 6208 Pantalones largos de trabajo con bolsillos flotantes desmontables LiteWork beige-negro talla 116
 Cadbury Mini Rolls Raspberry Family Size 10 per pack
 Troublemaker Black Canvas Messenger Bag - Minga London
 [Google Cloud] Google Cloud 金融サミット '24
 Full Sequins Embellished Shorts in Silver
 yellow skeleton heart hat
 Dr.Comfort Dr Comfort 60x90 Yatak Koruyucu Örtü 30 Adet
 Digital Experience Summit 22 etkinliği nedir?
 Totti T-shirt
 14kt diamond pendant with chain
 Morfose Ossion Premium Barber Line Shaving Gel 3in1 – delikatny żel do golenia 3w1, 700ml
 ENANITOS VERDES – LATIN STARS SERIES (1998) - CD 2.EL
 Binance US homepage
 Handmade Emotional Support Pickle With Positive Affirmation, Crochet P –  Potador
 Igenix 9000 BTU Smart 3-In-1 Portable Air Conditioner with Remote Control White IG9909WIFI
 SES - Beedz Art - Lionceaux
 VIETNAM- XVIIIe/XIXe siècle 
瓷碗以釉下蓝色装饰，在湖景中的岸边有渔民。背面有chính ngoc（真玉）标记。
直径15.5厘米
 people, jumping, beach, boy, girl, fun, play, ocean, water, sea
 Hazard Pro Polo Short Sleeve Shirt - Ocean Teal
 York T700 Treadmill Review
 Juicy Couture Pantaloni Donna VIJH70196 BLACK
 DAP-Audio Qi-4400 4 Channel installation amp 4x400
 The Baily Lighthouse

**How to complete this task:** The answer consists solely of the lines from the one containing "Hazard Pro Polo" through the last line of the data above, reproduced exactly.

**Exercise result:**
 Hazard Pro Polo Short Sleeve Shirt - Ocean Teal
 York T700 Treadmill Review
 Juicy Couture Pantaloni Donna VIJH70196 BLACK
 DAP-Audio Qi-4400 4 Channel installation amp 4x400
 The Baily Lighthouse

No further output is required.